Diffusion découplée dans l'espace de fonctions pour la modélisation directe et inverse dans la capture et le stockage du carbone

Image générée par Gemini AI

Un nouveau cadre, Fun-DDPS, améliore la caractérisation des flux souterrains pour la capture et le stockage de carbone (CSC) en s'attaquant aux défis posés par les problèmes inverses avec des données rares. Il combine des modèles de diffusion avec des substituts d'opérateurs neuronaux, atteignant une erreur de 7,7 % dans la modélisation directe avec seulement 25 % d'observations, soit une amélioration de 11 fois par rapport aux méthodes standard. De plus, Fun-DDPS valide des solveurs inverses basés sur la diffusion par rapport à l'échantillonnage par rejet, produisant des résultats physiquement cohérents avec une efficacité d'échantillonnage quatre fois meilleure. Cette avancée pourrait considérablement améliorer l'assimilation des données dans les efforts de CSC.

Nouveau Cadre Améliore la Modélisation de la Capture et du Stockage du Carbone

Un nouveau cadre génératif, Fun-DDPS, vise à améliorer la modélisation des flux souterrains dans les applications de Capture et de Stockage du Carbone (CSC). Cette approche répond aux défis posés par les problèmes inverses et les données d'observation rares, montrant une performance supérieure par rapport aux méthodes traditionnelles.

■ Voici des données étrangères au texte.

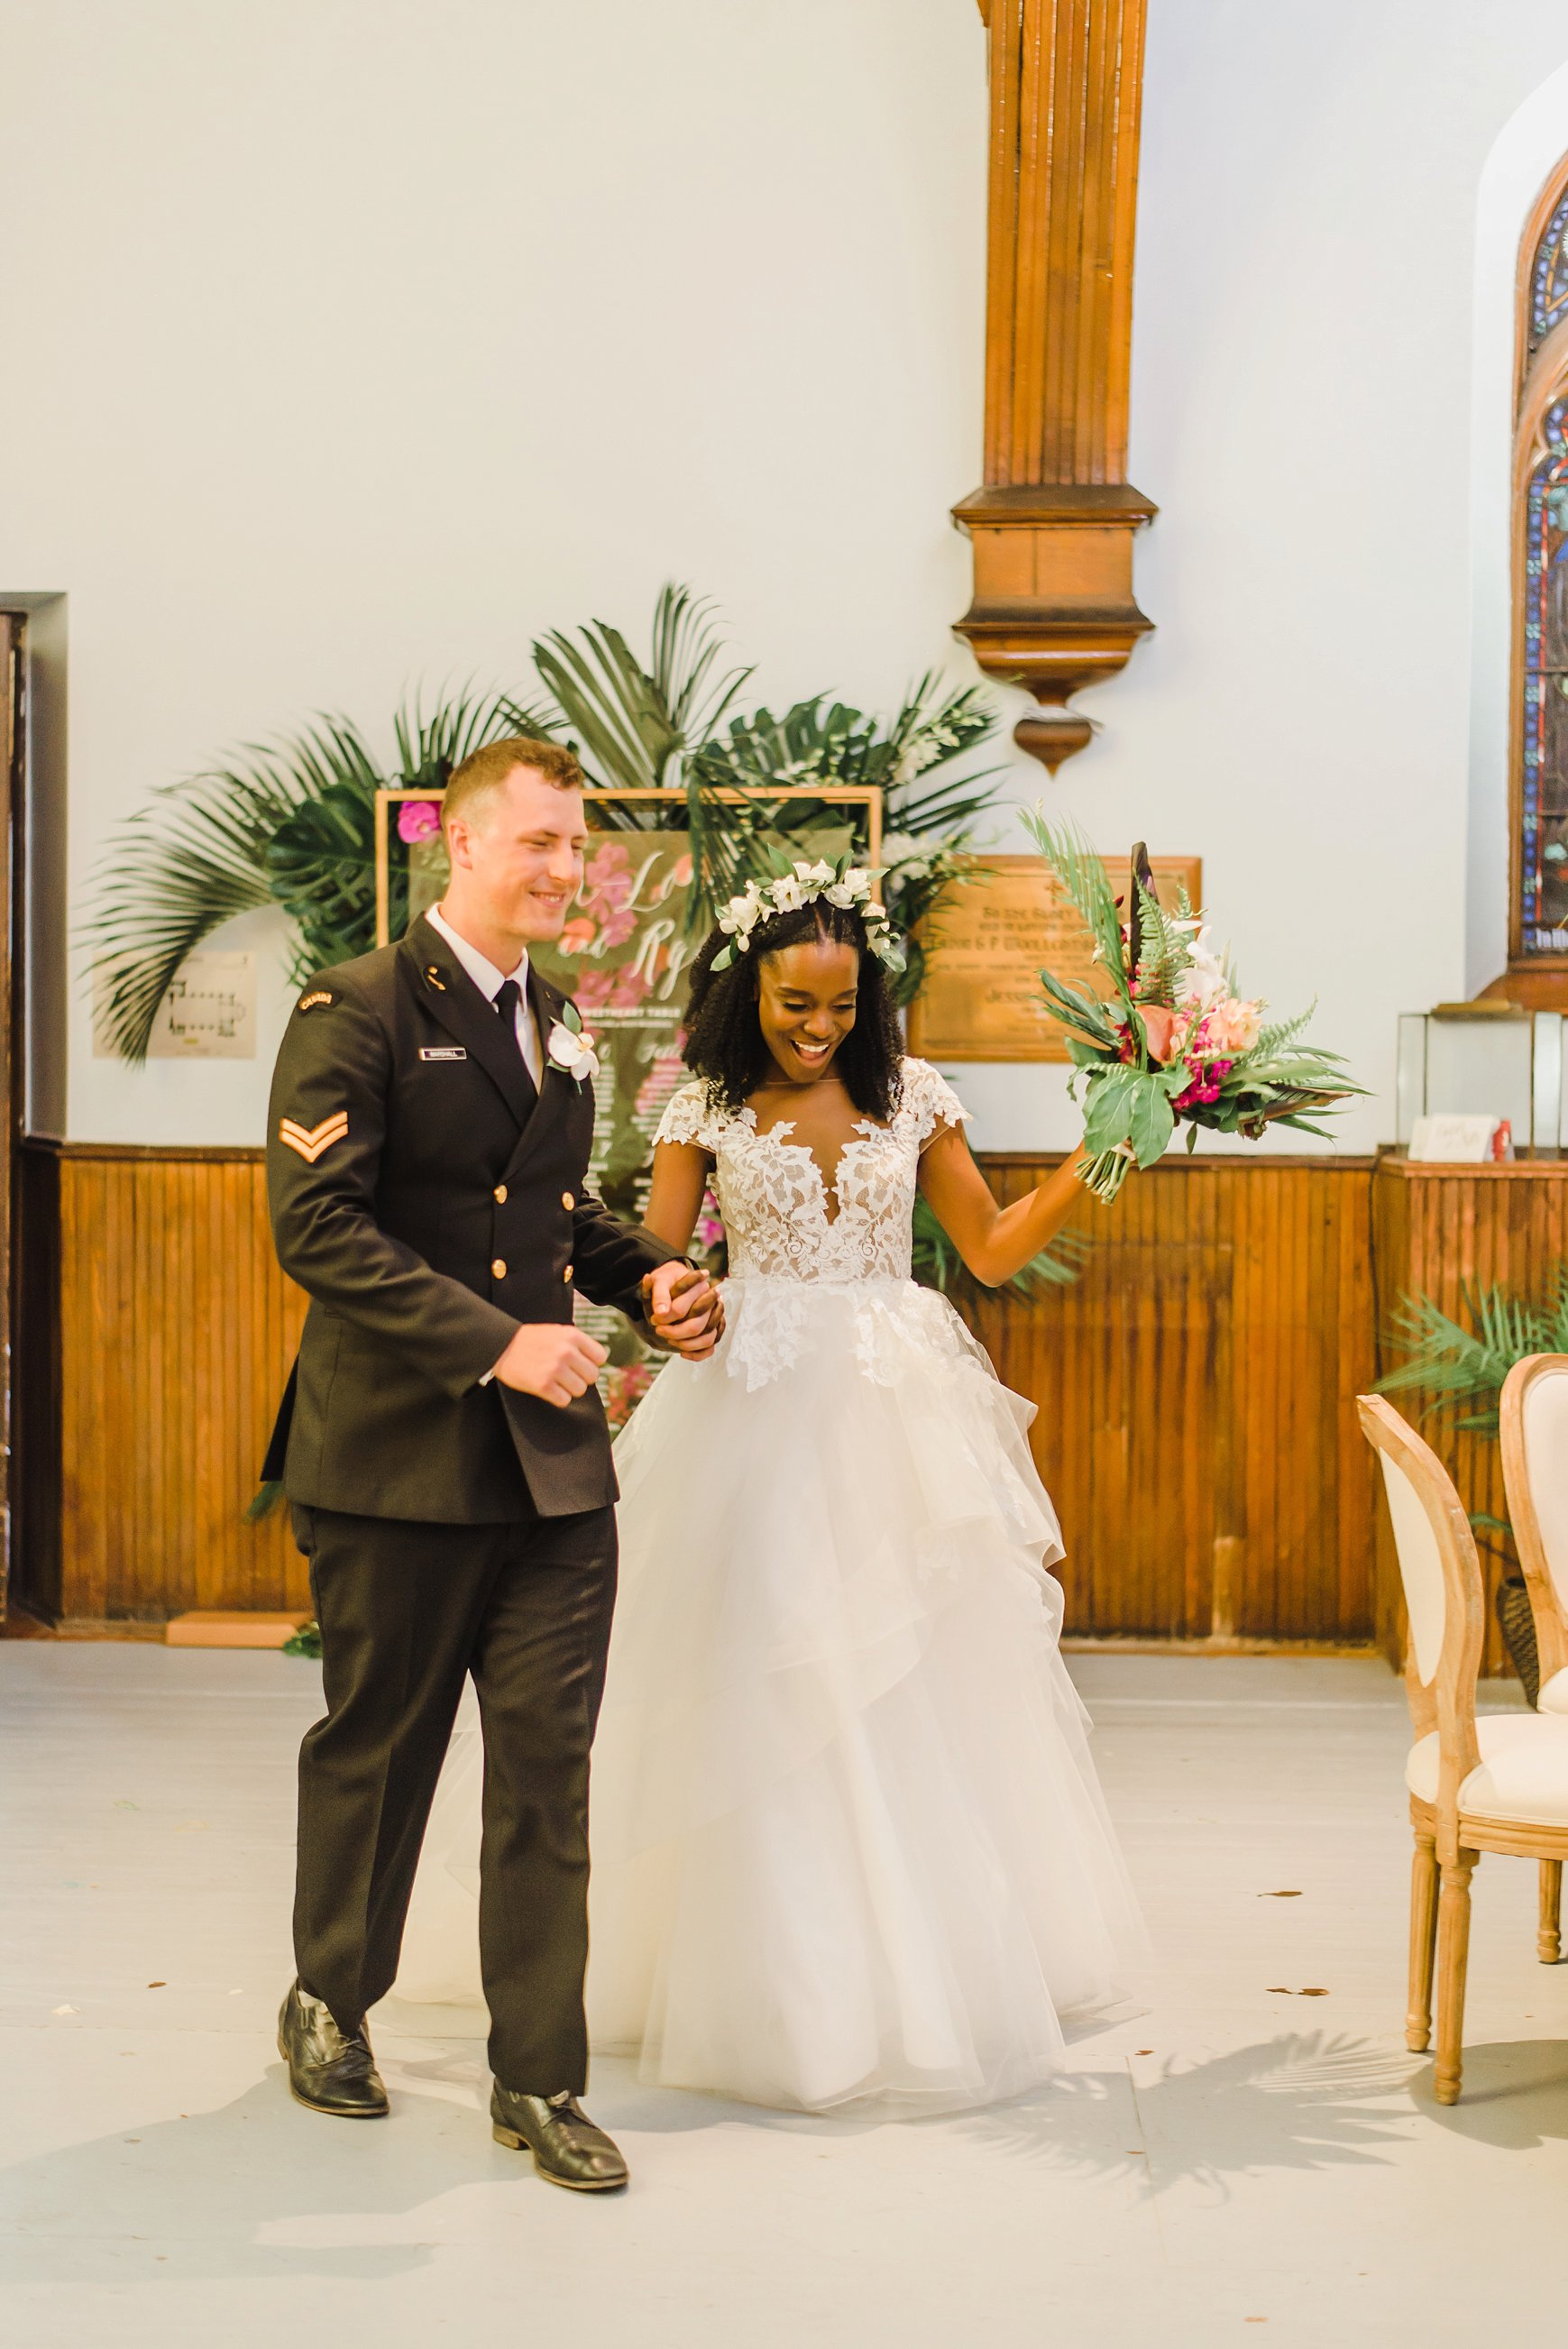 light airy indie fine art ottawa wedding photographer | Ali and Batoul Photography_1030.jpg

Fun-DDPS fusionne des modèles de diffusion dans l'espace des fonctions avec des substituts d'opérateurs neuronaux différentiables pour la modélisation. Il apprend une distribution a priori des paramètres géologiques à travers un modèle de diffusion à canal unique et utilise un substitut d'Opérateur Neuronal Local (LNO) pour une orientation conforme à la physique. Cette technique permet à Fun-DDPS de récupérer des informations manquantes dans l'espace des paramètres tout en améliorant l'assimilation des données.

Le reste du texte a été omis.